TEROPONGPUBLIK.CO.ID <<<>>> Walikota Bengkulu, Dedy Wahyudi, memberikan pernyataan resmi terkait keputusan pemerintah pusat menunda pengangkatan Calon Aparatur Sipil Negara (CASN) tahun 2024. Kebijakan ini merupakan langkah strategis yang diambil oleh pemerintah pusat dan akan diikuti oleh Pemerintah Kota Bengkulu sesuai dengan regulasi yang berlaku.
“Ini merupakan kebijakan dari pemerintah pusat, dan sebagai bagian dari negara kesatuan, kita wajib mengikuti aturan tersebut. Saya berharap masyarakat, khususnya para peserta seleksi CASN, dapat memahami situasi ini. Perlu digarisbawahi bahwa ini bukan pembatalan, melainkan hanya penundaan sementara waktu,” ujar Dedy Wahyudi.
Lebih lanjut, Dedy menjelaskan bahwa bagi Pegawai Tidak Tetap (PTT) yang telah lulus seleksi Pegawai Pemerintah dengan Perjanjian Kerja (PPPK), tetap dapat bekerja seperti biasa dan tetap menerima gaji. Namun, Surat Keputusan (SK) pengangkatan mereka sebagai PPPK akan ditunda hingga pemberitahuan lebih lanjut.

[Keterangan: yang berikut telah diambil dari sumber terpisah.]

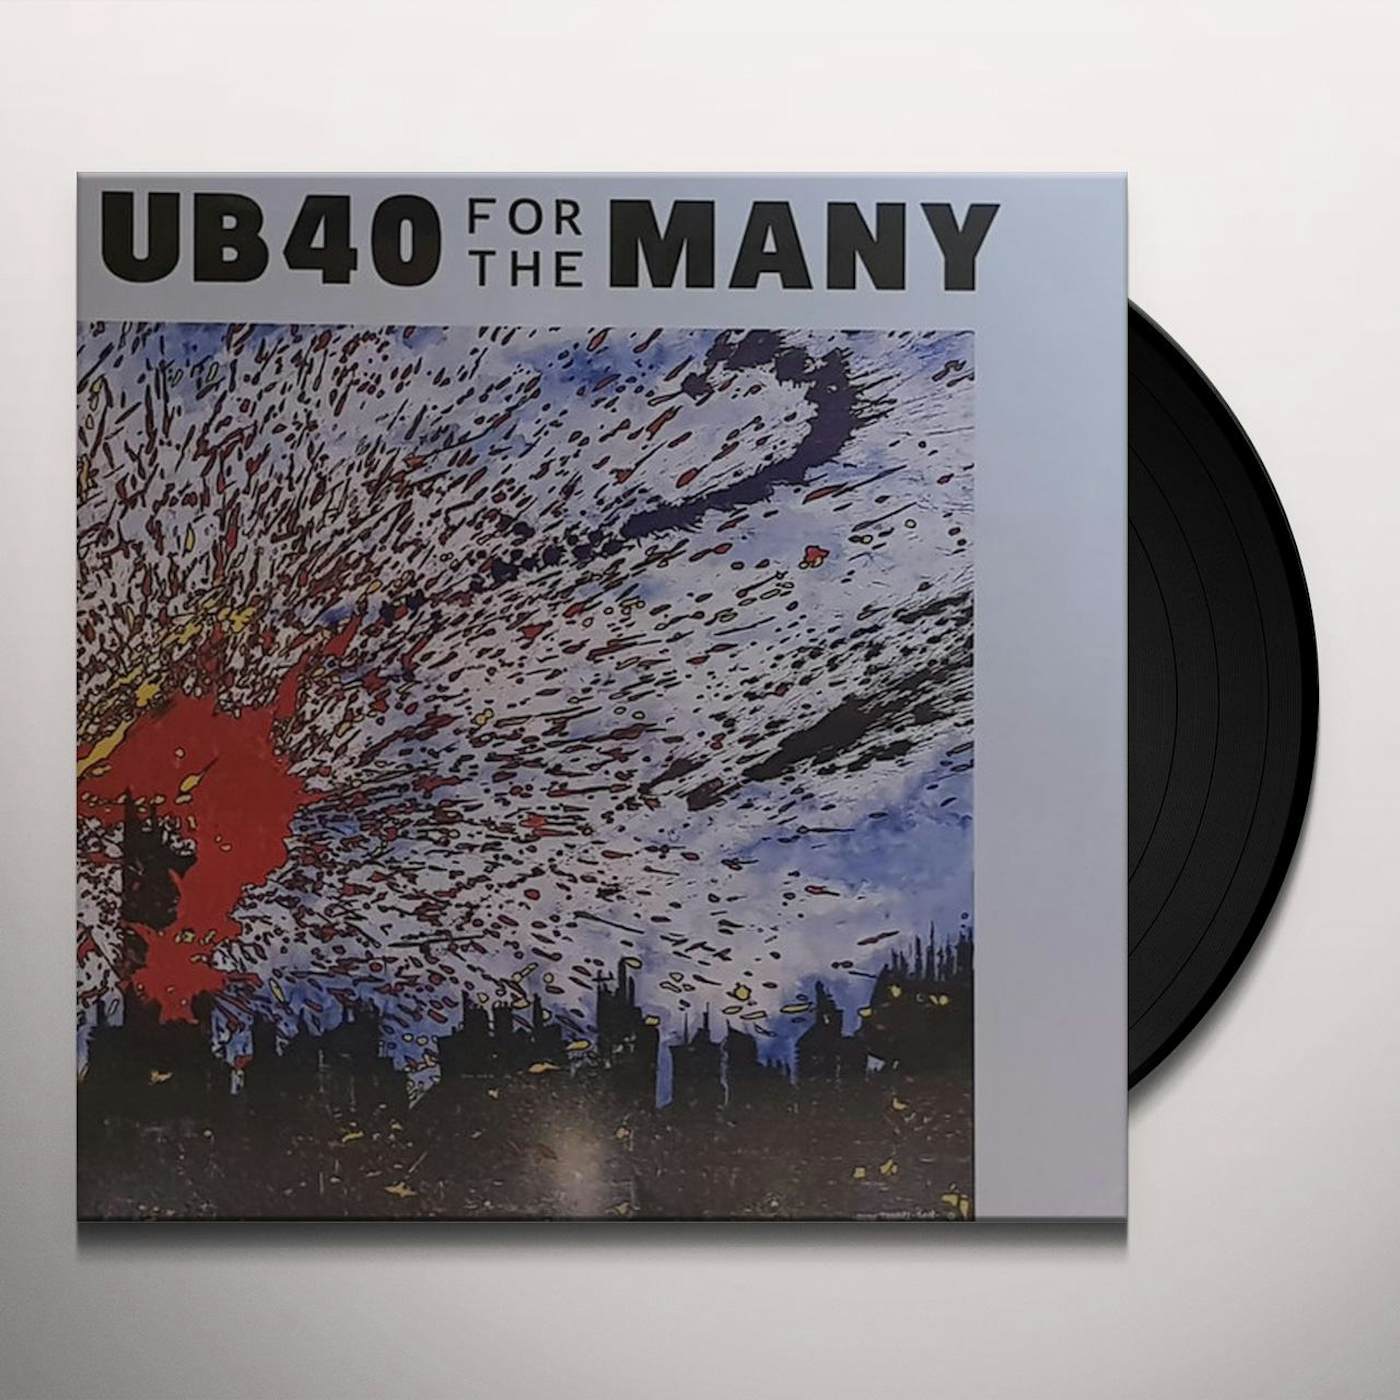 UB40 FOR THE MANY Vinyl Record

Sebelumnya, pemerintah telah merencanakan pengangkatan CPNS (CASN) secara serentak pada 1 Maret 2025. Namun, jadwal ini mengalami penyesuaian menjadi 1 Oktober 2025. Sementara itu, pengangkatan PPPK yang awalnya dijadwalkan pada Juli 2025 turut mengalami perubahan menjadi 1 Maret 2026.
Menteri Pendayagunaan Aparatur Negara dan Reformasi Birokrasi (PANRB), Widyantini Rini, menjelaskan bahwa perubahan jadwal ini bukanlah bentuk pembatalan, melainkan upaya untuk memastikan bahwa seluruh CPNS dapat diangkat secara serentak dengan persiapan yang lebih matang. Menurutnya, masih terdapat beberapa instansi yang membutuhkan waktu lebih lama dalam menyelesaikan tahapan pengadaan CPNS, termasuk dalam menentukan formasi, jabatan, serta lokasi penempatan.
Keputusan ini diambil setelah mempertimbangkan berbagai aspek, termasuk kesiapan administrasi dan kebutuhan tenaga kerja di berbagai instansi pemerintahan. Pemerintah memastikan bahwa kebijakan ini tidak akan merugikan peserta seleksi, melainkan untuk memastikan proses yang lebih terstruktur dan efisien.
Dengan adanya penyesuaian ini, para peserta seleksi CASN diimbau untuk tetap bersabar dan terus mempersiapkan diri menghadapi tahapan selanjutnya. Pemerintah daerah juga berkomitmen untuk terus mengawal kebijakan ini agar berjalan sesuai dengan ketentuan yang berlaku.
Dedy Wahyudi menegaskan bahwa pemerintah kota akan terus berkoordinasi dengan pemerintah pusat guna mendapatkan kepastian lebih lanjut terkait jadwal dan mekanisme pengangkatan CASN. Ia berharap kebijakan ini dapat dipahami oleh seluruh pihak dan tidak menimbulkan keresahan di masyarakat.